Why Is 'The Bachelor' So White?

by Scott Harris, posted Jan 4th 2010 1:30PM
The 14th season of ABC's popular reality dating show 'The Bachelor' airs tonight, and fans will be seeing some familiar faces -- white faces, that is.

Jake Pavelka, who previously appeared as a rejected suitor on the show's sister series 'The Bachelorette,' will be starring as the man in command this year, vying for the affection of 25 attractive women. But while the network's strategy of bringing back popular contestants form one series to star in the next has proven successful in the past -- the first season finale of 'The Bachelorette' snagged over 30 million viewers -- it has also helped contribute to the impression that the series is uninterested in courting minority viewers.

That's because, just as the 19 lead bachelors and bachelorettes have all been white, the candidate pool as a whole has also been startlingly homogeneous. This year's group of women, for instance, is devoid of African-American contestants, as was last season's, which has led some in the media, including The LA Times, to question ABC's casting policy.

While there have been some notable exceptions -- Cuban-American Mary Delgado was chosen by season 6 bachelor Byron Velvick, for instance -- the lack of diversity on 'The Bachelor' is especially noticeable compared to other high profile reality shows, which generally feature greater representation for minorities than scripted television. 'Survivor' and 'The Amazing Race,' for instance, regularly feature some of the most integrated casts on network television, while cable shows such as 'Rock of Love' have highlighted minority contestants with great ratings success.


By those standards, then, it's clear that 'The Bachelor' is coming up short. The question is, why? The simple answer would be to lay the blame at the foot of network television in general, which continues to underserve America's ever-growing minority population, as highlighted in this 2008 report from the NAACP.

Yet considering the success other reality shows have had featuring minorities, it's possible other factors may be at play here. Does the network feel that some viewers are still not ready to support a high profile interracial romance? Are sponsors less interested in buying advertisements for a season that they may feel will appeal to fewer viewers? Or are the bachelors themselves to blame? After all, the few minority contestants who have appeared on the show have frequently been among the first rejected, which may suggest that the men and women who star on 'The Bachelor' and 'The Bachelorette' are forcing the producers to cast hopefuls who are potentially more suitable to their tastes.

"There may be two things at play here," said Angela Bronner Helm, Senior Editor at BlackVoices.com. "One, the country is still in its heart conservative and feels most comfortable dating intraracially.
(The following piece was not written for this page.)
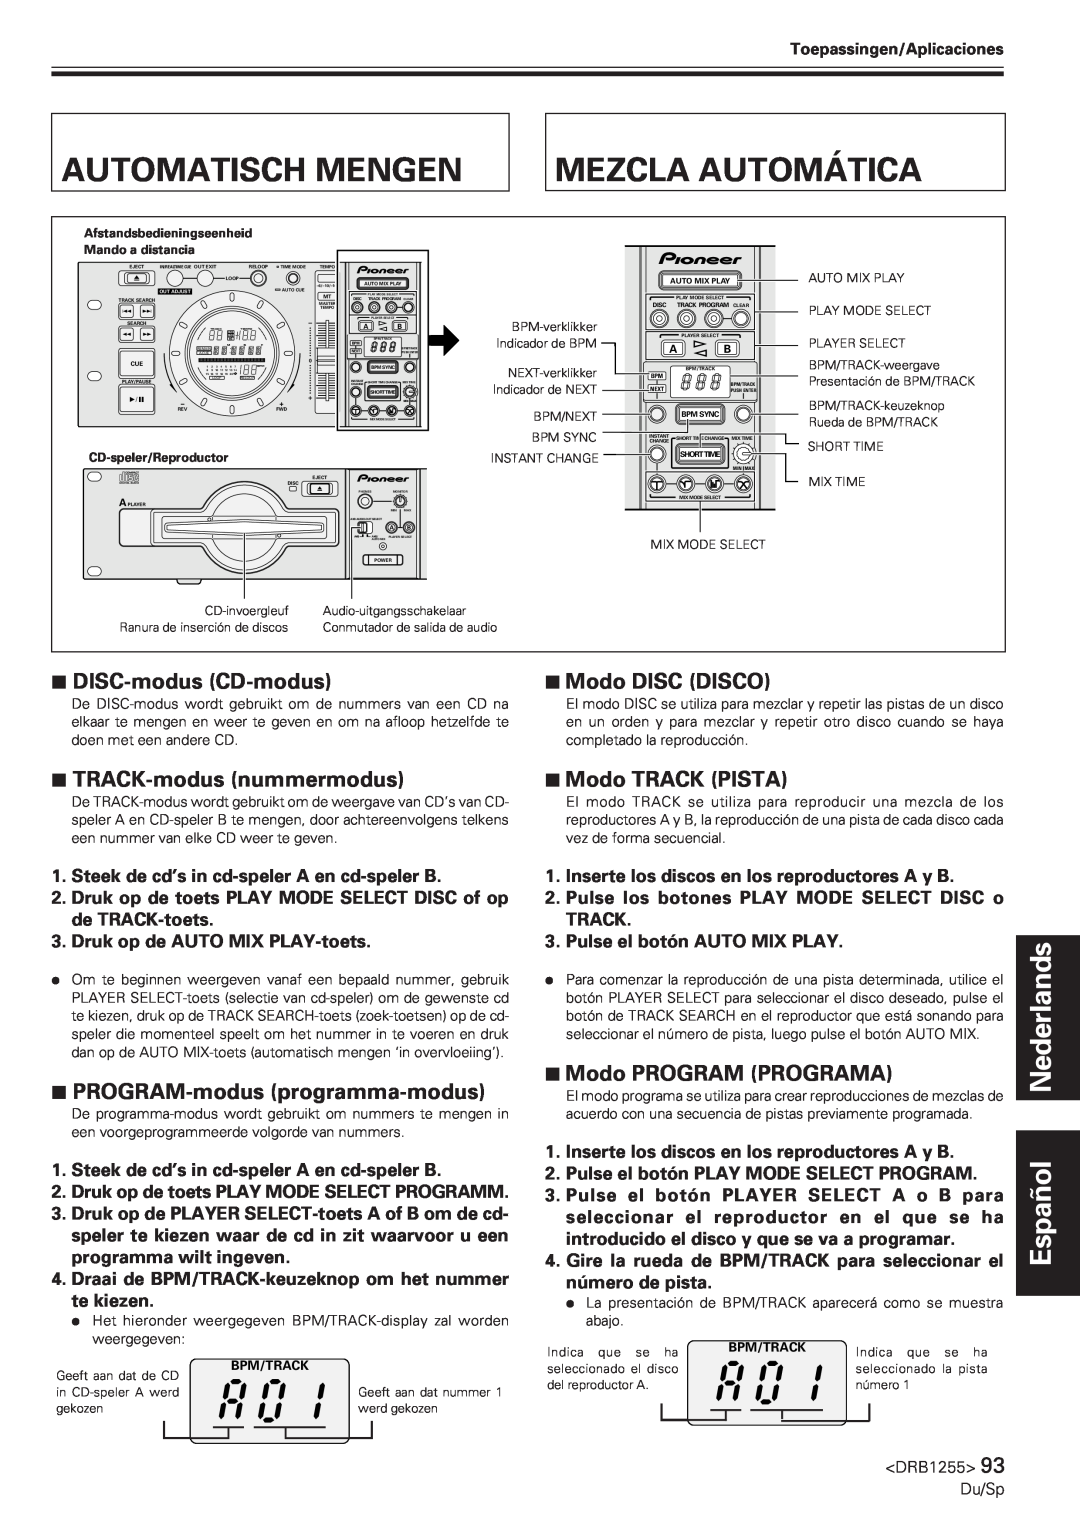 Pioneer CMX-5000 Automatisch Mengen, Mezcla Automática, DISC-modus CD-modus, 7Modo DISC DISCO, TRACK-modusnummermodus

White Americans, statistically, when dating online, do prefer dating one another. Another issue may be that ABC/Disney, like many movie studios, fears a backlash from 'middle America' and frankly thinks that people will not watch a Black guy dating either black women or white women or vice versa."

Whatever the reason, it seems clear that as long as ratings remain high, the network will be under no real pressure to make changes. Because no matter how loud voices may grow in protest, one thing speaks louder than all: the advertising dollar.

"I'm not sure if revolution is what corporations are looking for these days," Bronner Helm added. "It's more like advertising and ratings. The path of least resistance. Thank God for cable."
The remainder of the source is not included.